A Victory for Privacy
St.
Petersburg Times, February 27, 2005
By Robyn E. Blumner, Times Perspective Columnist
Antonin Scalia warned this would happen. The U.S. Supreme
Court justice said that by striking down a Texas law prohibiting homosexual
sodomy, the high court would unleash moral Armageddon, leading to the setting
aside of laws barring fornication, adultery and obscenity, among others.
Well, he was right on one count.
In a stunningly clear-eyed decision in January, a federal
district court judge in Pittsburgh set aside three federal antiobscenity laws,
basing a good deal of his rationale on Lawrence vs.
Texas, the Texas homosexual sodomy case decided in 2003, just as
Scalia had feared.
The congratulations for this wise and liberty-expanding
ruling go to Judge Gary Lancaster, who now has done as much to expand the
sphere of privacy and personal autonomy protected by the Constitution as any
judge since Justice William O. Douglas declared in 1965 that Connecticut
couldn’t imprison married couples for using contraceptives.
This case involves the work of a husband-and-wife team of
California pornographers. Their company, Extreme Associates, is known for its
hard-core fare. A postal inspector, working undercover, ordered some movies
and accessed some video clips through the couple’s members-only Web site,
resulting in a 10-count indictment. Each offense carries up to five years in
prison and a fine.
The Justice Department really has nothing better to do
than put people in jail for providing explicit movies to adults who want to
see them? Last time I checked, there were real crimes being committed against
real victims, but the department in the Bush administration has made reviving
its obscenity prosecutions a priority. Since 2001, there have been 38
obscenity-related convictions, following a 10-year lull during which virtually
no adult pornograhy cases were brought.
Normally, those charged with distributing obscene
material use a free speech defense, claiming the material does not meet the
legal definition of obscenity. But Extreme Associates advertises its videos as
pushing the limits of the law, boasting on its Web site, “See why the U.S.
government is after us!”
The Texas sodomy decision offered another option.

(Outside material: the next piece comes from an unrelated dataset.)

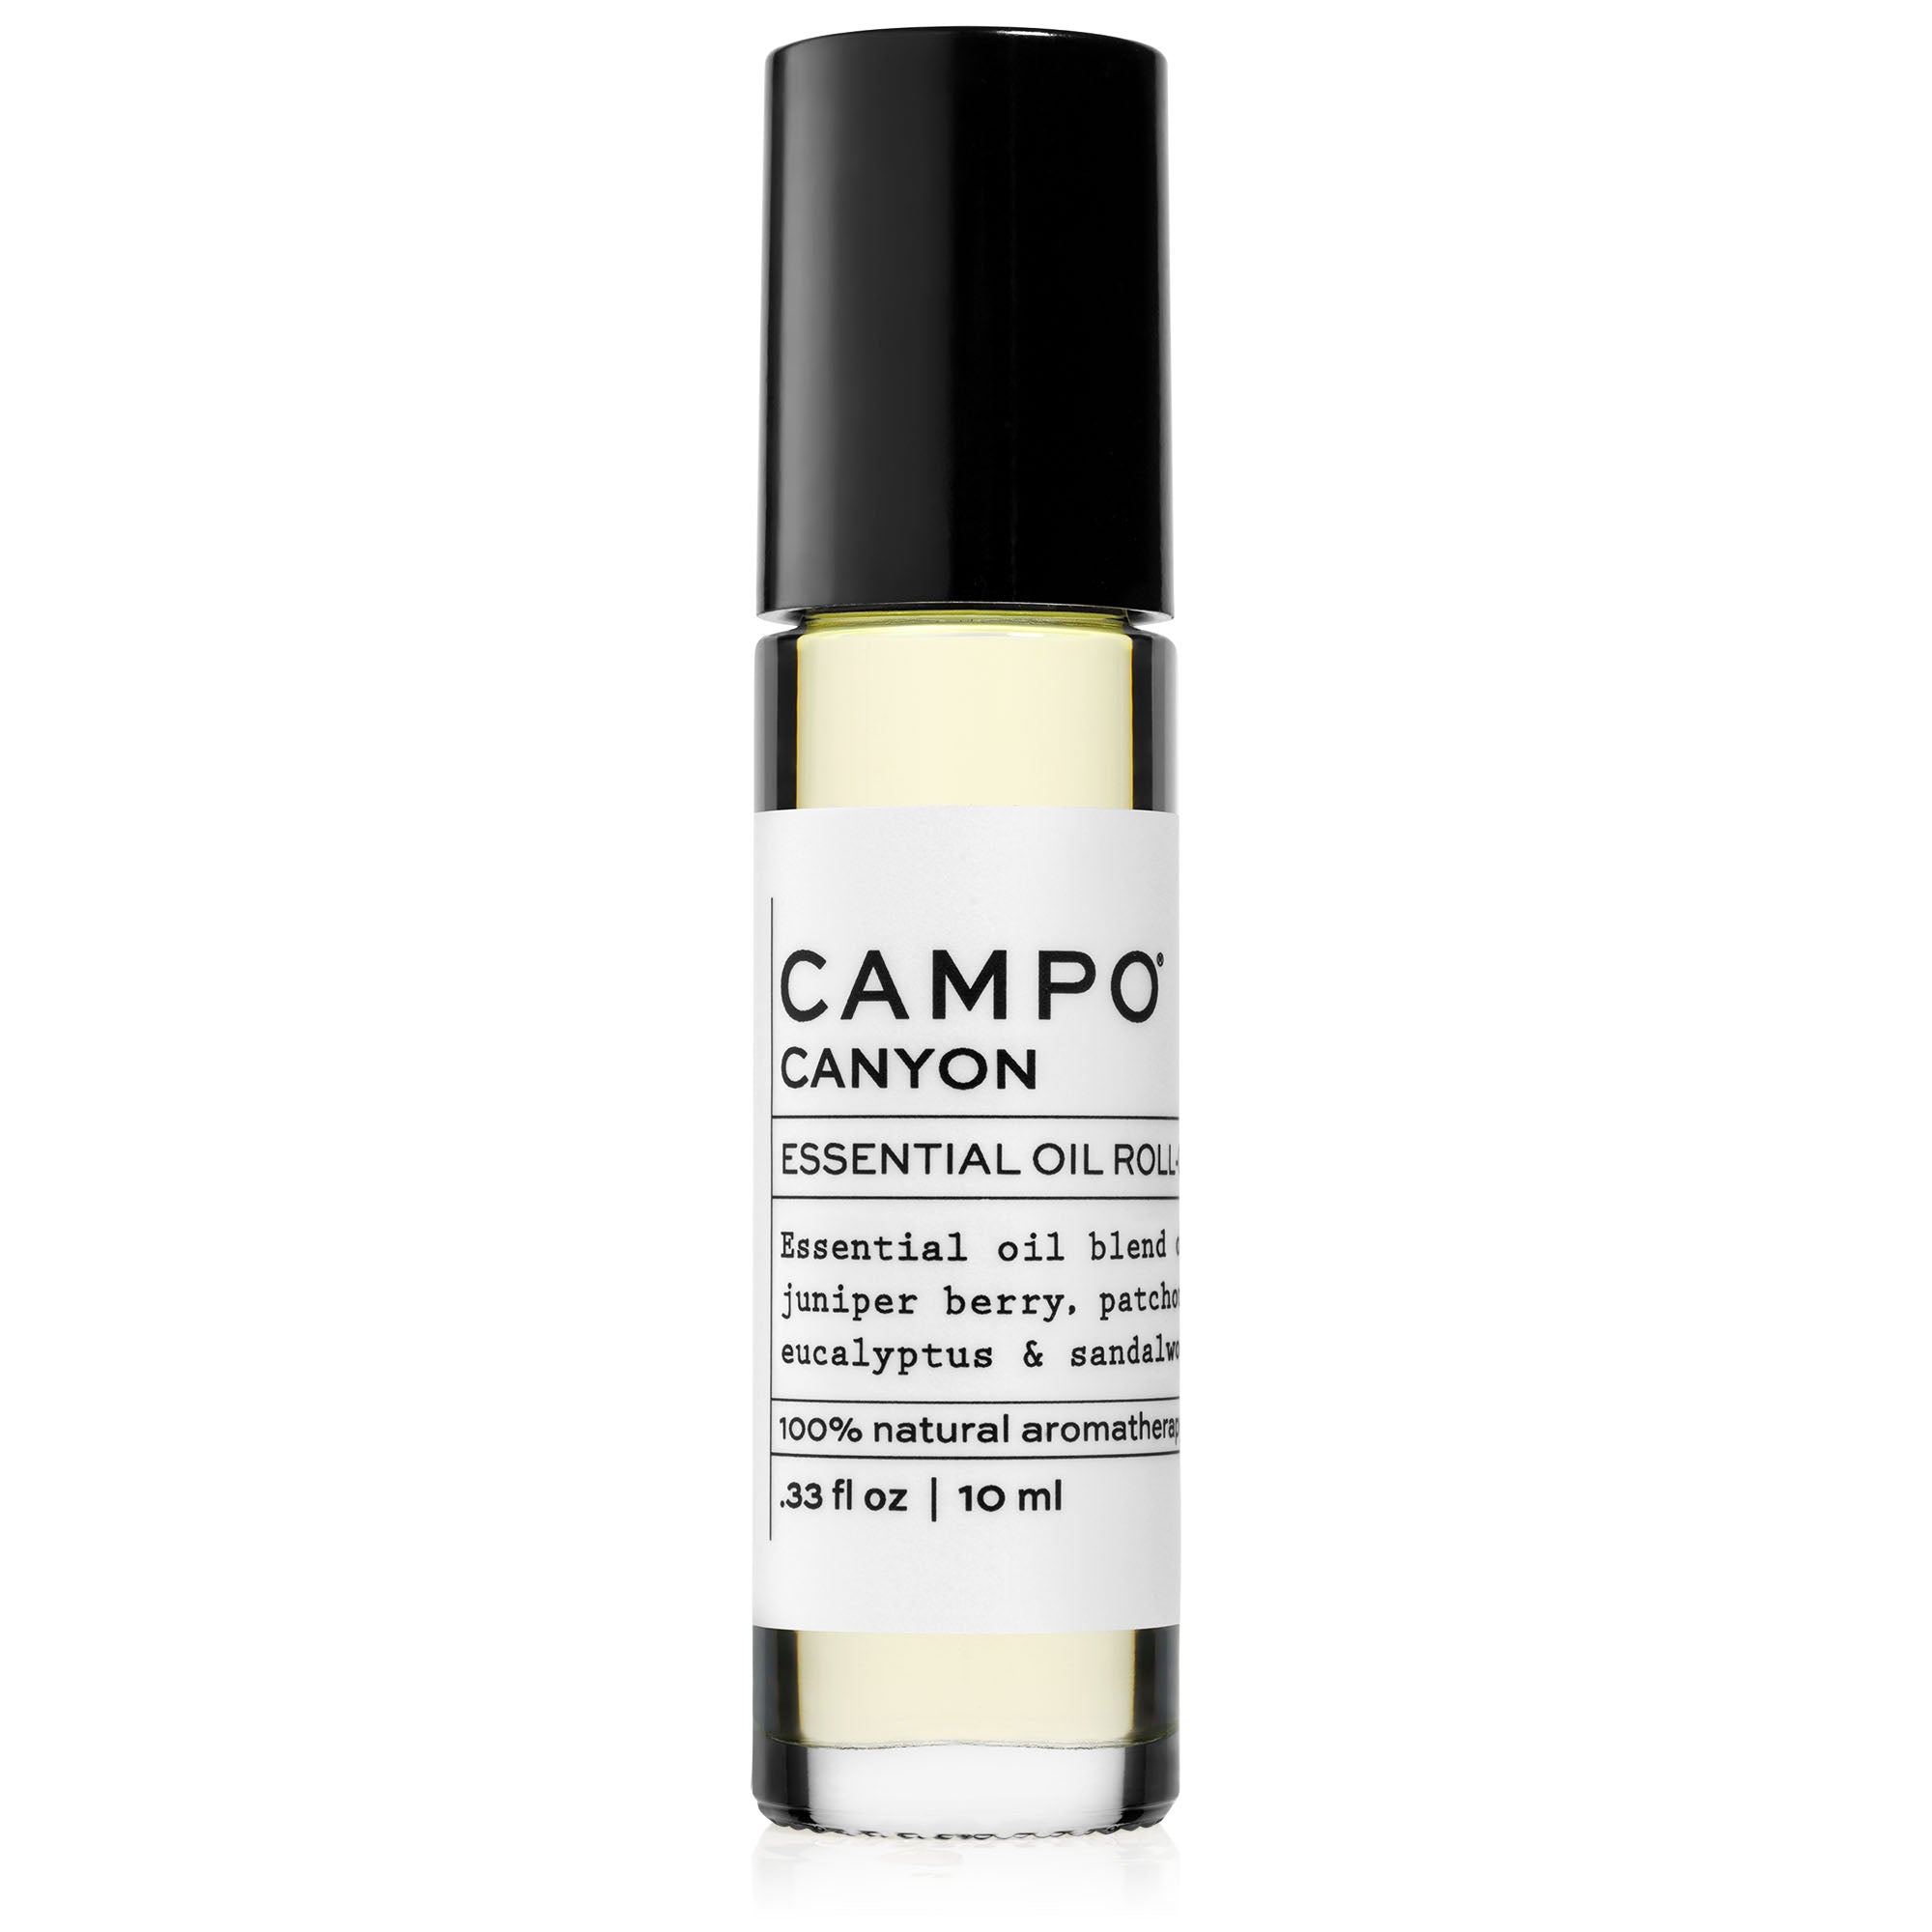 WOODS Beauty Essential Oil CANYON Roll-On in 5 ml. Escape to the canyon with this 100% pure essential oil blend of juniper berry, patchouli, eucalyptus radiate, and sandalwood. Inspired by hikes through rustling eucalyptus, juniper berry & patchouli-filled mountains.

The court in Lawrence breathed new life into the
idea that the Constitution protects intimate sexual practices engaged in by
consenting adults in private, even when such practices are disfavored or
viewed as immoral.
“Liberty presumes an autonomy of self that includes
freedom of thought, belief, expression and certain intimate conduct,” wrote
Justice Anthony Kennedy for the majority. His opinion proclaimed a broad
protection against states’ making homosexual relationships criminal.
By logical extension, this same principle of sexual
liberty should apply to adults who wish to view hard-core pornography.
Louis Sirkin, the couple’s Cincinnati-based attorney
and a civil liberties expert, said he had been trying to get the courts to
recognize a more expansive right to liberty and privacy since the 1970s but
dropped the effort when the court initially ruled in 1986 that sodomy laws
could stand.
Now, he says, the time is ripe to make the assertion
again, not only because of the Lawrence decision, but “because now we have
begun to recognize that sex is not just for procreation it’s also for fun.
“The advertisements for all the enhancement
prescriptive drugs that are out in the marketplace (are promoting) the
pleasure aspects of human sexuality.”
Judge Lancaster was convinced by the argument that it is
none of the government’s business whether adults view dirty movies in
private. He cited the famous 1969 Supreme Court case of Stanley vs. Georgia,
which states flatly that the government cannot make it a crime to possess
obscene material in the privacy of one’s own home. Lancaster said the case
recognized a fundamental right “to read, observe, or think about what one
pleases in his own home.” (Absurdly, while the Supreme Court has said that
having obscene material in one’s home is constitutionally protected, having
it mailed to you or sold to you is not.)
Lancaster also found that the Texas sodomy ruling
essentially told the state it could no longer justify criminal laws based
purely on the advancement of a moral code.
Once that argument was taken away, the Justice Department
had little ammunition to defend the application of the obscenity laws to
Extreme Associates. Today, when sexually explicit material can be sent
directly through a computer to an adult purchaser (no seedy shops to bring
down a neighborhood), the state has no real interest in interfering, beyond
tsking disapproval.
Lancaster’s ruling was a masterstroke of sound
judgment. But I’d be very surprised if it survives appeal.
Earlier this month, the U.S. House of Representatives
approved fines of up to $500,000 for any profanity uttered on television. We
live in a nanny state, and those who think their personal repugnance should
translate into criminal law are in charge. Scalia’s worries are overheated
and not likely to come to pass—much to the detriment of liberty.